Zondagsbrief 41, 11 april 2021 Pasen
Inleiding zondagsbrief 41
Asdag
Wat voorbij gaat is al het stof dat wij doen opwaaien:
de show, de luchtverplaatsing, het soortelijk gewicht
van zaken doen,
de uitverkoop van de aarde en al watzij bevat en draagt.
Wat voorbij gaat is de as van wat wij verbranden: onze schepen van vriendschap, de boom
van goed en kwaad,
het politiek bedrijf om ieders welzijn en al wat GOD ons leert.
Wat voorbij gaat is het zand waarop wij bouwen: de eer, de roem, de macht van het getal, de kunst van het vernietigen,
de cultuur zonder ziel, en al wat er op het scherm komt.
Wat blijft is de Ene en Eeuwige, oorsprong en bestemming,
wat blijft is zijn Liefde, barmhartig en veelzijdig.

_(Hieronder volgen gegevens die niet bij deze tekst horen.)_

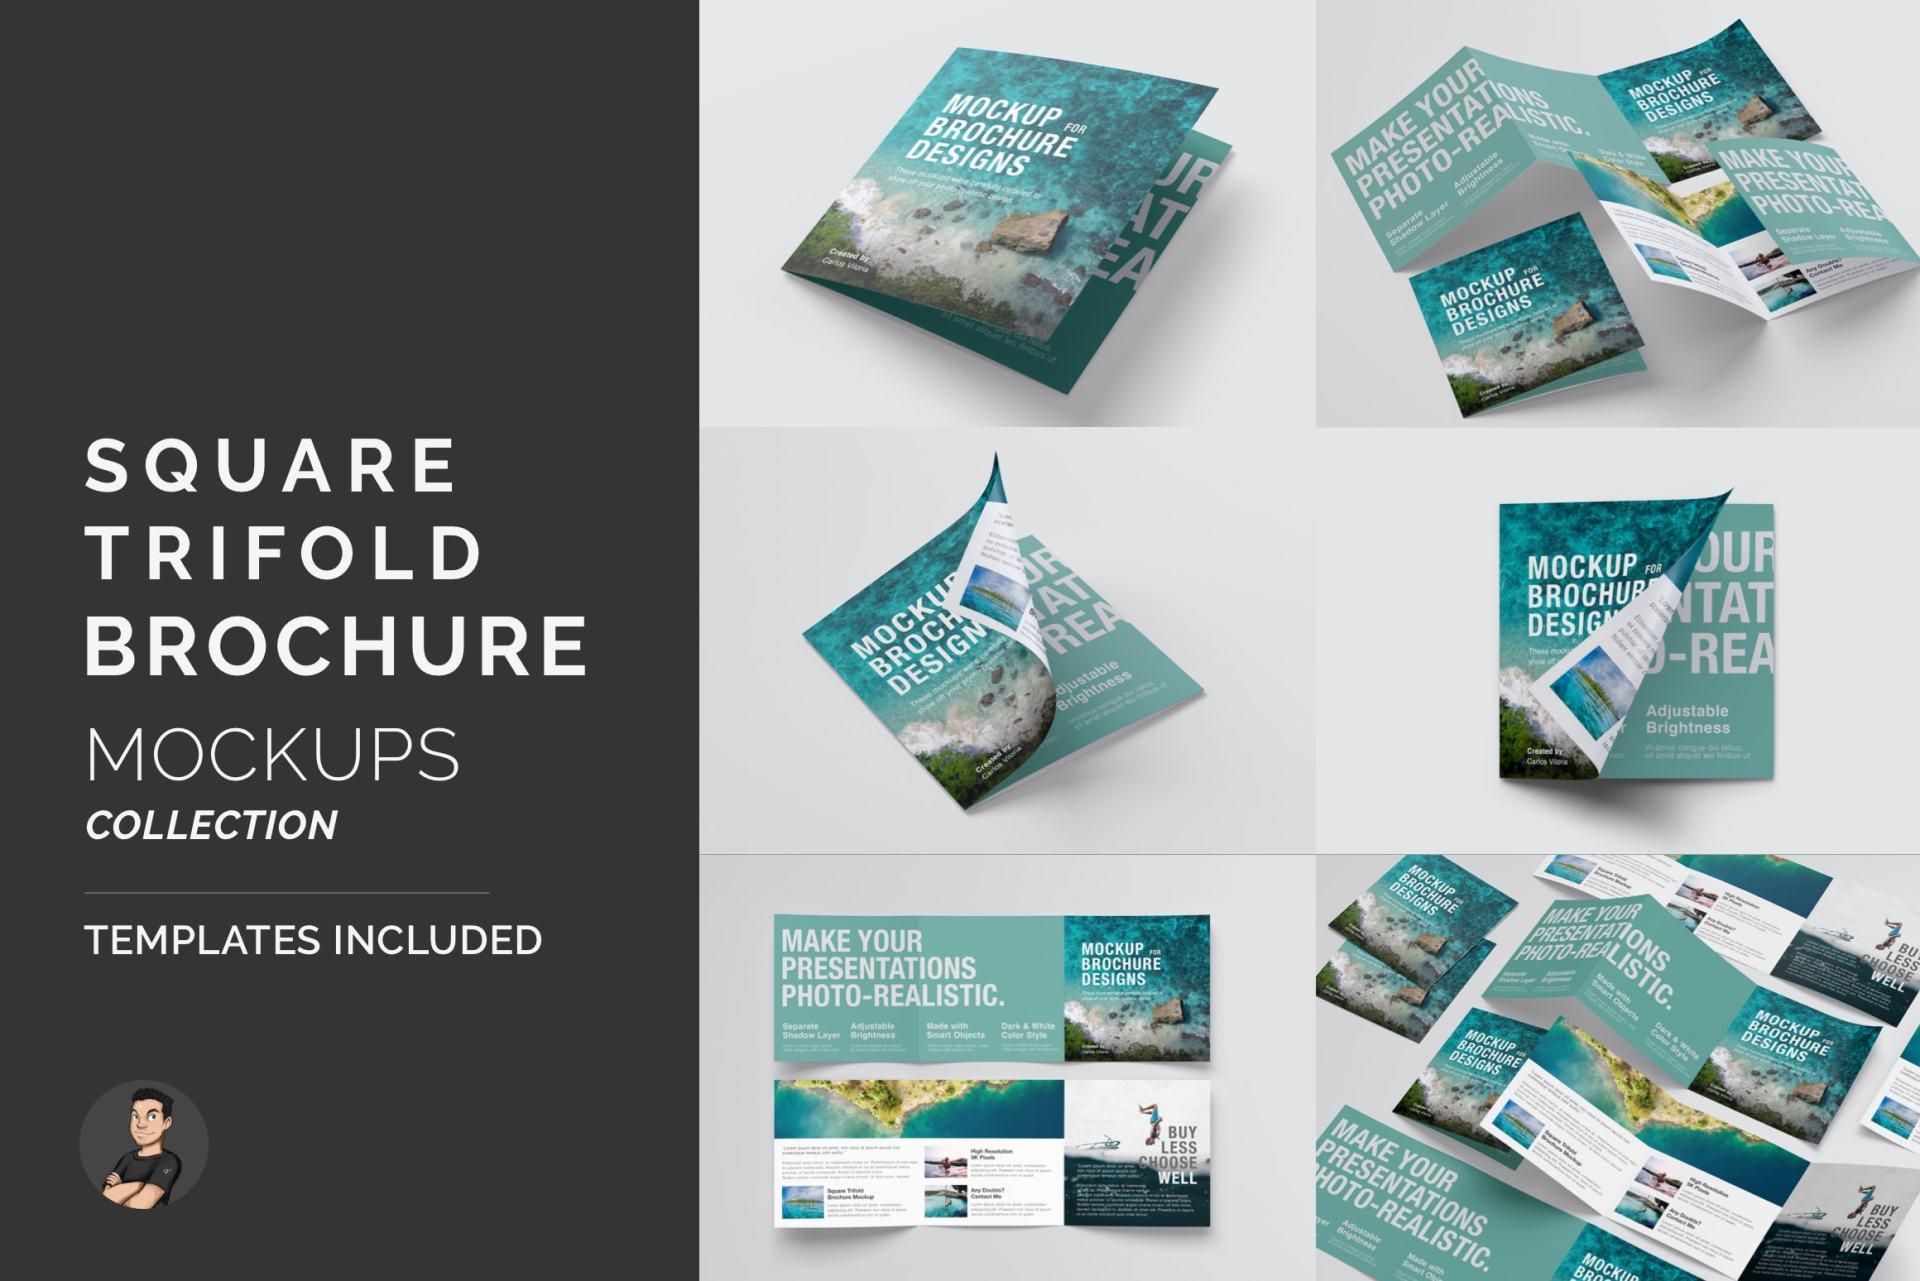 Square Trifold Brochure Mockups Pack

Wat blijft is, zijn Woord in ons midden, zijn Geest in ons hart. Marcel Verheist
Laatst sprak ik met een gemeentelid over het open gaan van onze kerk om weer diensten te houden. Ze zei: “Ik denk dat het wel Sint Juttemis wordt.” De betekenis van die uitdrukking is, zoals u vast allemaal wel weet: nooit, het zal nooit gebeuren. Bijv. als een kind om iets blijft zeuren, dan kun je het afleiden met het zeggen: “Met Sint Juttemis krijg je je zin.” Zo lang ze/hij tenminste de uitdrukking nog niet kent.
Wat velen van u misschien niet weten, is dat de uitdrukking nog langer is, nl met Sint Juttemis als de kalveren op het ijs dansen.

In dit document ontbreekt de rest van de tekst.